Как сохранить токен обновления в HttpOnly cookie с помощью Google OAuth2 (PKCE flow) в Django?
Я использую Django с drf_social_oauth2 и oauth2_provider для аутентификации Google OAuth2. Я успешно реализовал процесс авторизации PKCE.

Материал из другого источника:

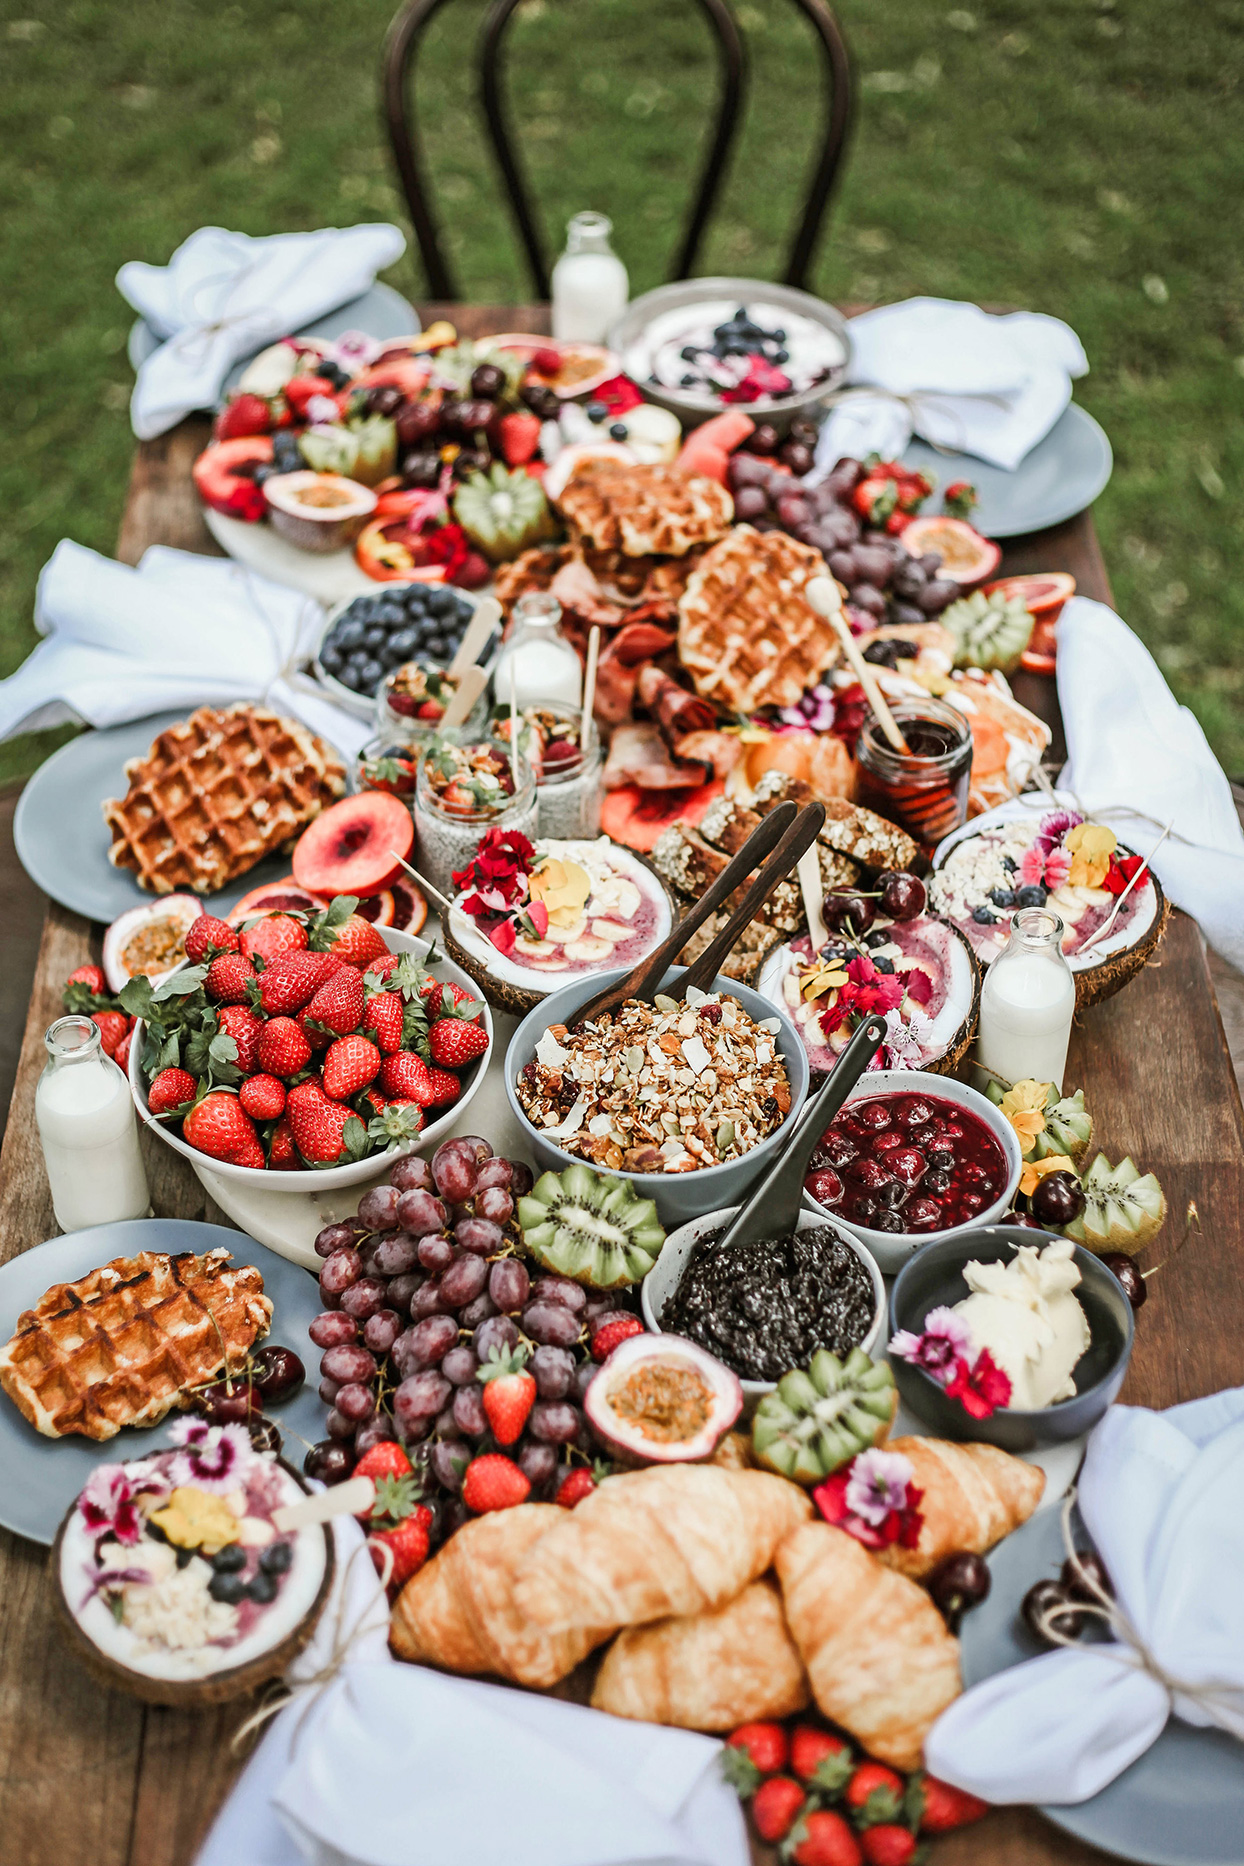 wedding grazing board breakfast buffet with fruit, waffles, croissants

Шаг 1: Интерфейс перенаправляет на:
GET /api/v1/o/authorize/?client_id=<client_id>&response_type=code&redirect_uri=http://127.0.0.1:5173/callback&code_challenge=<challenge>&code_challenge_method=S256
Шаг 2: Интерфейс обменивается кодом по адресу:
POST /api/v1/o/token/.
Серверная часть отвечает следующим образом:
{
"access_token": "...",
"expires_in": 36000,
"refresh_token": "...", ← this is what I want to move into a cookie
...
}
Моя конфигурация:
# urls.py
from django.contrib import admin
from django.urls import path, include
urlpatterns = [
path("admin/", admin.site.urls),
path("api/v1/o/", include("oauth2_provider.urls", namespace="oauth2_provider")),
]
# settings.py (snippets)
INSTALLED_APPS = [
...
'oauth2_provider',
'social_django',
'drf_social_oauth2',
]
AUTHENTICATION_BACKENDS = (
'django.contrib.auth.backends.ModelBackend',
'social_core.backends.google.GoogleOAuth2',
'drf_social_oauth2.backends.DjangoOAuth2',
)
SOCIAL_AUTH_GOOGLE_OAUTH2_KEY = '<your-client-id>'
SOCIAL_AUTH_GOOGLE_OAUTH2_SECRET = '<your-client-secret>'
REST_FRAMEWORK = {
"DEFAULT_AUTHENTICATION_CLASSES": (
"oauth2_provider.contrib.rest_framework.OAuth2Authentication",
"drf_social_oauth2.authentication.SocialAuthentication",
),
}
LOGIN_REDIRECT_URL = "/"
Что работает:
- PKCE работает.
- Авторизация в Google OAuth2 интегрирована с использованием
social-auth-app-djangoиdrf-social-oauth2. - Я могу извлечь исходный Google access_token из пользовательских данных social_auth.extra_data.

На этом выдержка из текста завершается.